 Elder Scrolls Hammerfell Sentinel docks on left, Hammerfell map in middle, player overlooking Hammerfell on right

※ ※ ※

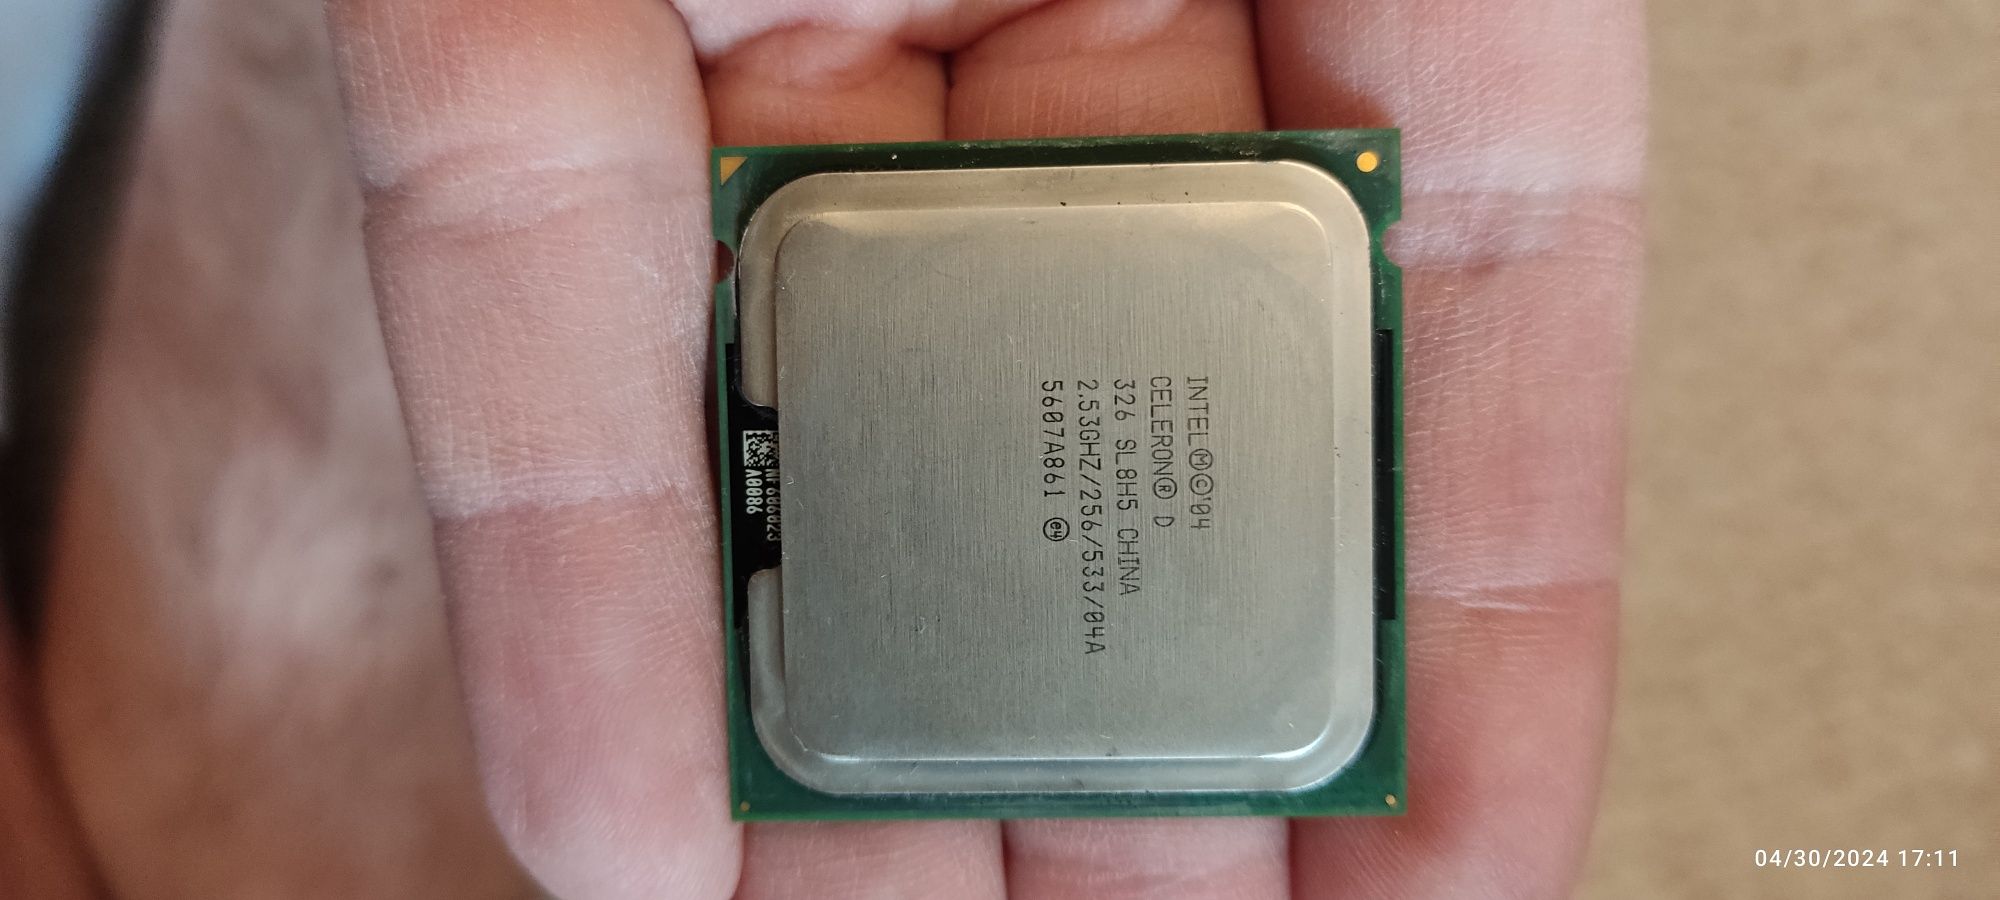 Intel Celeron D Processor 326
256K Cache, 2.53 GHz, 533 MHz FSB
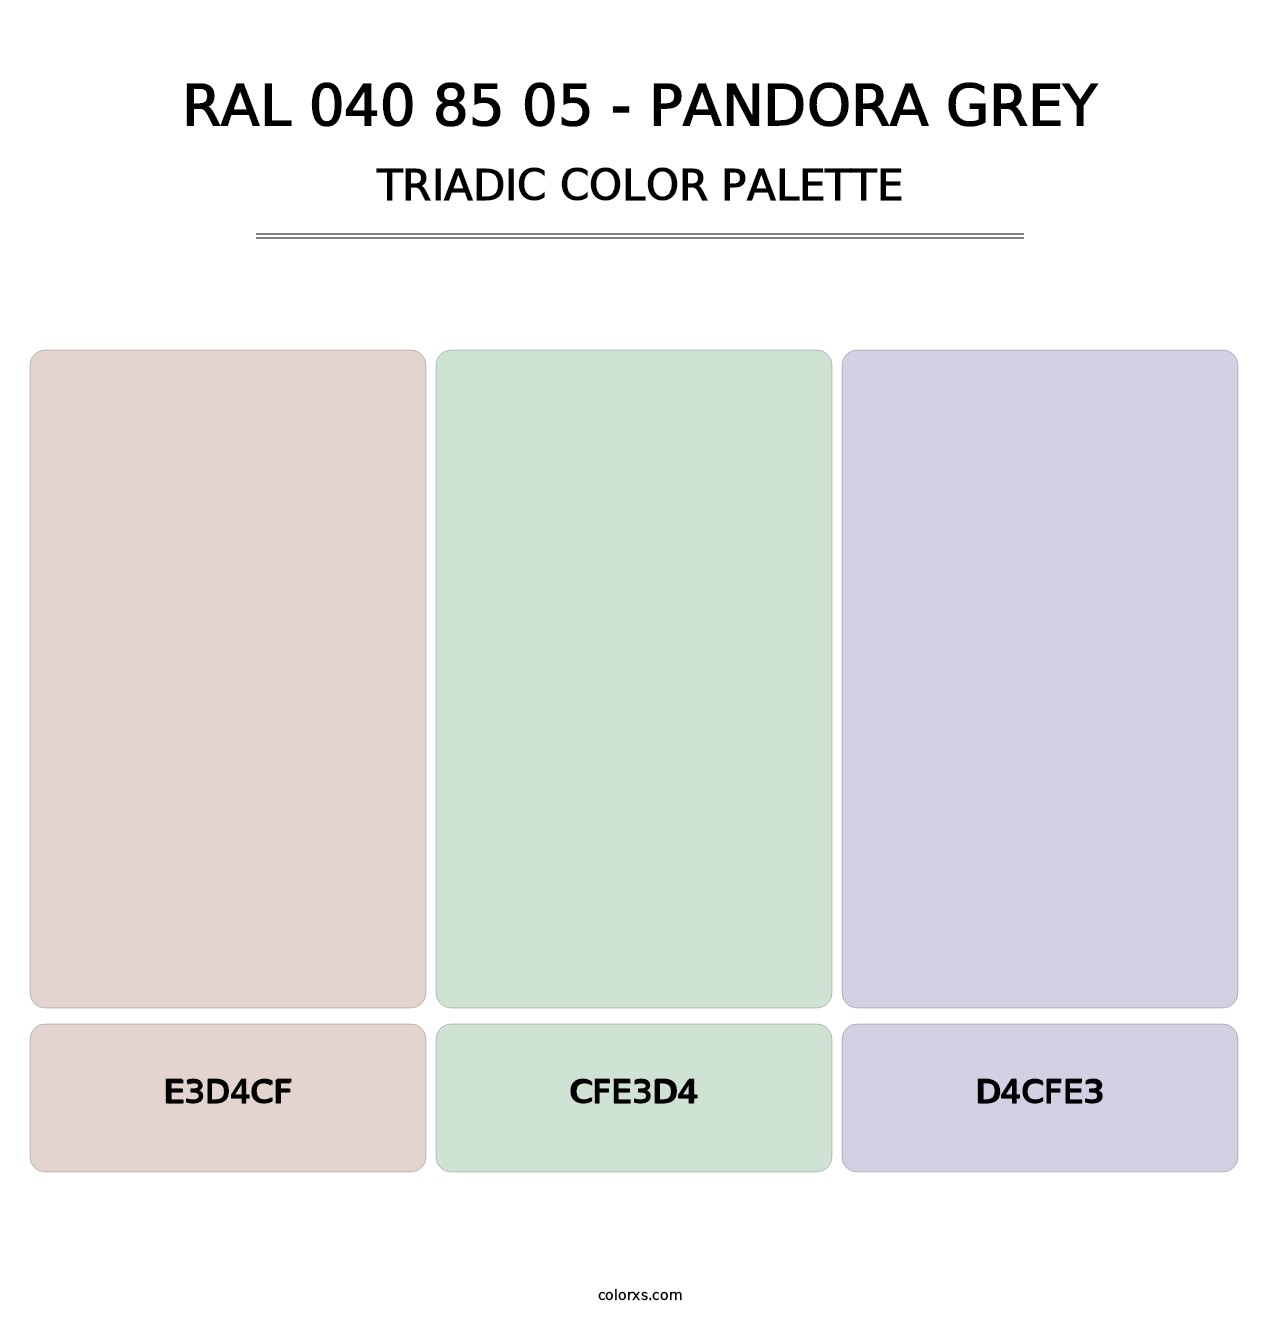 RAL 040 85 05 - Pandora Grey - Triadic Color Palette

※ ※ ※

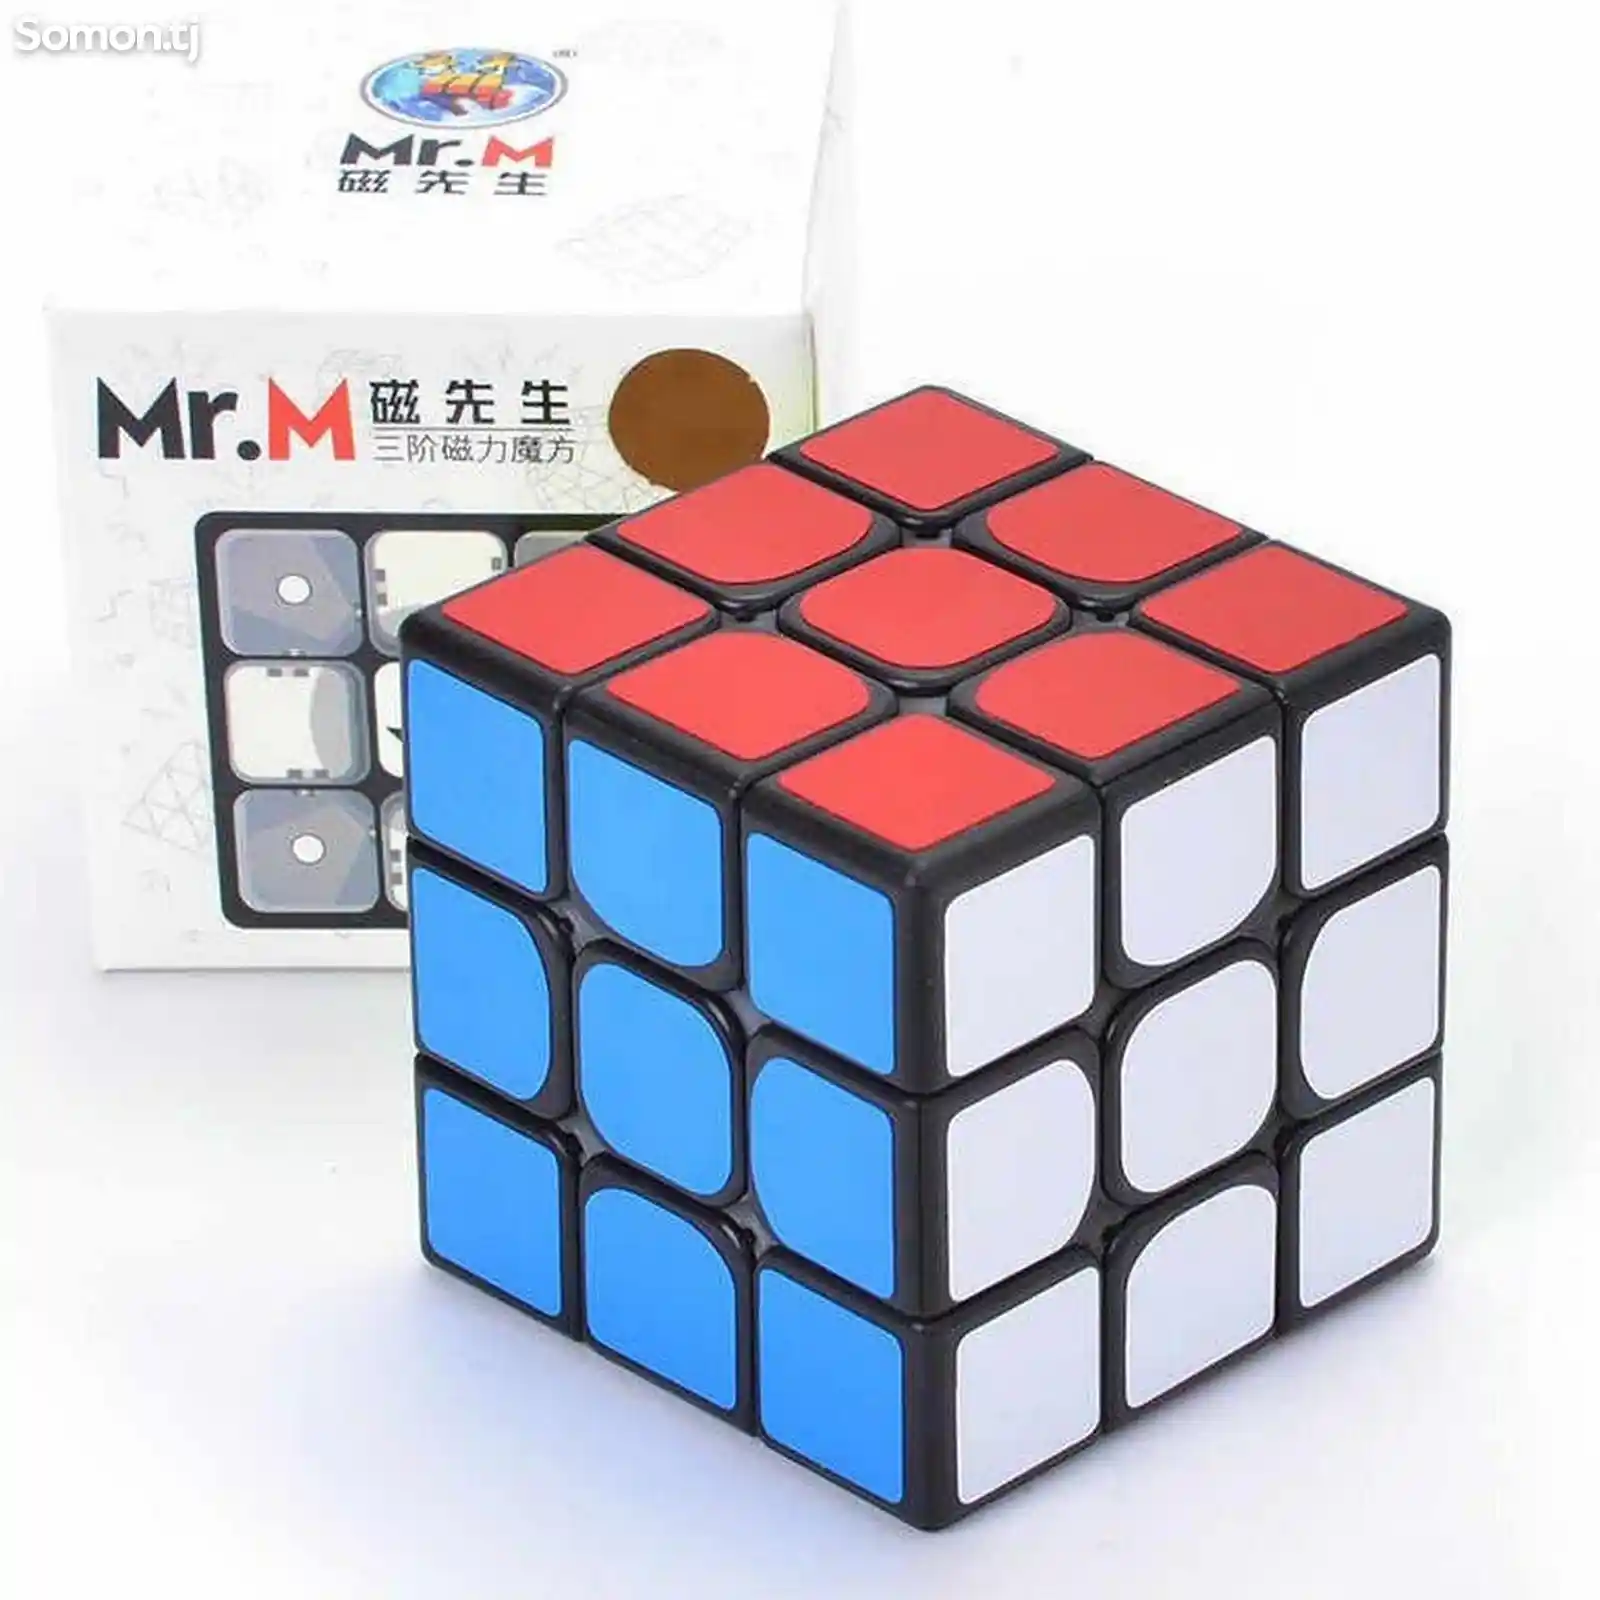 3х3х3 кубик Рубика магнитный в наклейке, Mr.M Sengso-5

※ ※ ※

_EXERCISE_
Look above for the line with "Intel Celeron D Processor 326" and the line with "RAL 040 85 05", then restate exactly those two lines and all lines between them, with no pictures.

_OUTPUT_
 Intel Celeron D Processor 326
256K Cache, 2.53 GHz, 533 MHz FSB
 RAL 040 85 05 - Pandora Grey - Triadic Color Palette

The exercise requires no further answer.